Number of leaf nodes.

Integer

[2000]

This parameter affects the graph construction time and final index quality. If the value is too large, the construction time may be too long and the search performance may deteriorate. If the value is too small, the search precision may be affected.

dims_per_block

Number of dimensions that form a sub-vector block in the product quantization (PQ) phase during graph construction.

Integer

[4]

The value 4 is recommended. You may adjust the value as required.

avq_threshold

AVQ threshold during graph construction.

Float

None

This parameter affects the pruning policy. Generally, the value 0.2 is used for the IP dataset. For the L2 dataset, this parameter is left empty.

soar_lambda

Orthogonality configuration. This parameter takes effect only for the IP dataset.

Float, greater than 0

[-1]

-1 indicates that this parameter is not used. When using the IP dataset, you may adjust the value as required.

overretrieve_factor

Used together with soar_lambda to specify the over-retrieval factor. This parameter takes effect only for the IP dataset.

Float, [1, 2]

[-1]

-1 indicates that this parameter is not used. When using the IP dataset, you may adjust the value as required.

train_thread

Number of threads during graph construction.

Integer

[Number of CPU cores]

Set this parameter to the number of CPU cores unless otherwise specified.

nprobe

Number of subspaces that a complex query will search within.

Integer, [1, n_leaves]

[200]

You may adjust the value as required.

reorder

Number of results saved before reordering.

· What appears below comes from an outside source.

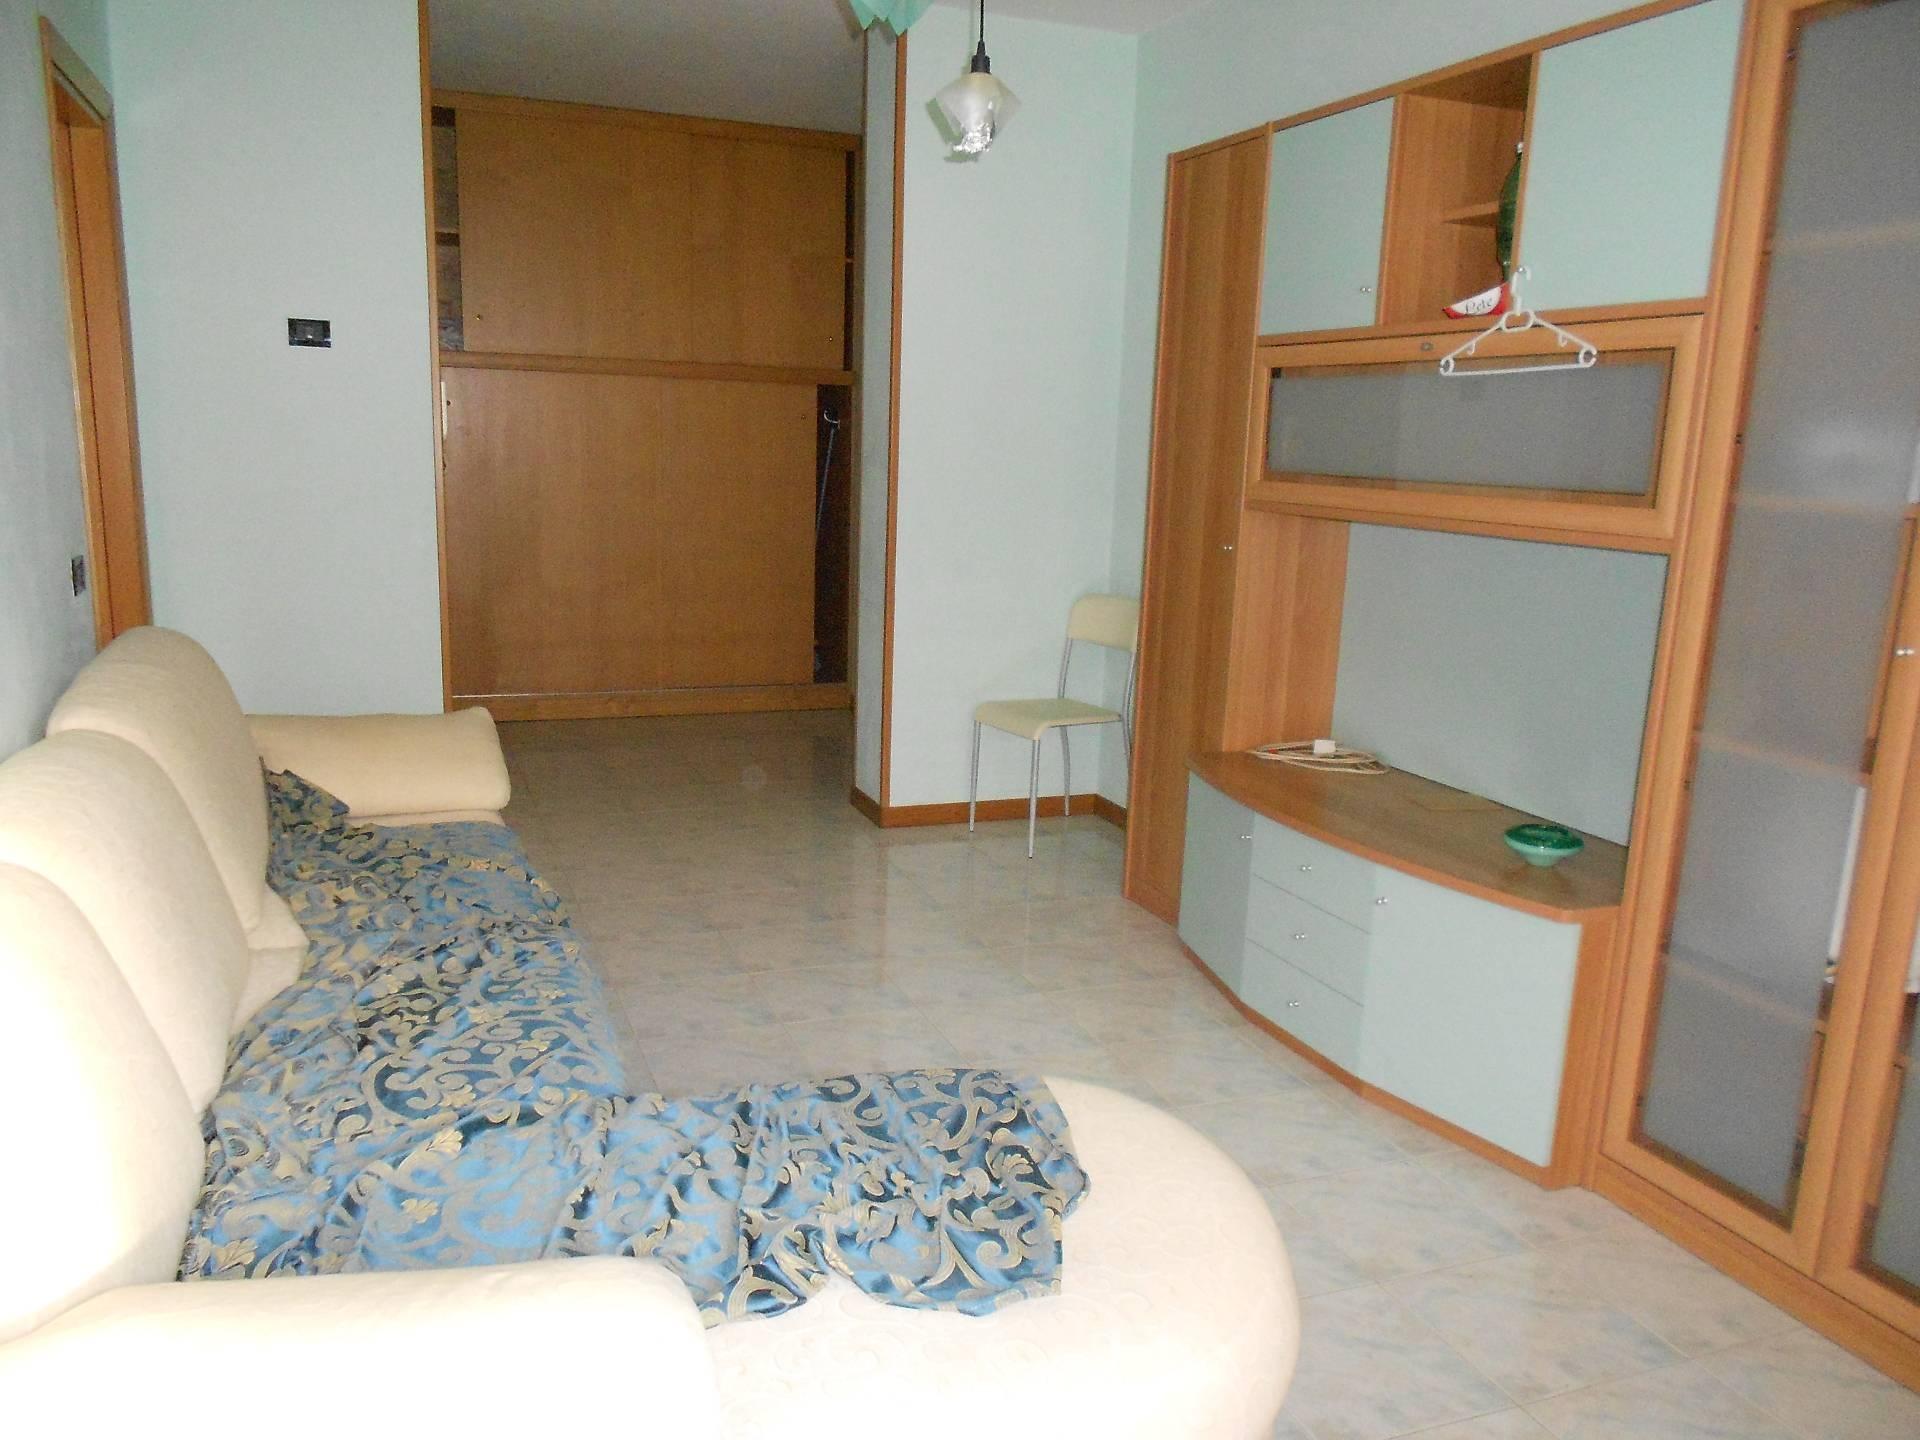 Appartamento in vendita a Telese Terme, 9999 locali, prezzo € 66.000 | CambioCasa.it

Integer, [k, Number of records in the dataset]

[900]

k indicates the number of final results returned. You may adjust the value as required.

adp_threshold

Adaptive truncation threshold during query. Reserved.

Float, [0, 0.8]

[0]

You may adjust the value as required.

adp_refined

Number of subspaces that a simple query will search within. Reserved.

Integer, [0, nprobe]

[0]

The typical value is 0. However, the value range is [1, nprobe] for search and recommendation scenarios. In this document, the value range is [0, probe]. You may adjust the value as required.

num_thread

Number of threads during query.

Integer, greater than or equal to 1

[1]

Set it to 1 unless otherwise specified.

batch_size

Size of the preferred batch during automatic parallel batching.

Integer, greater than or equal to 1

[1]

Set it to 1 unless otherwise specified.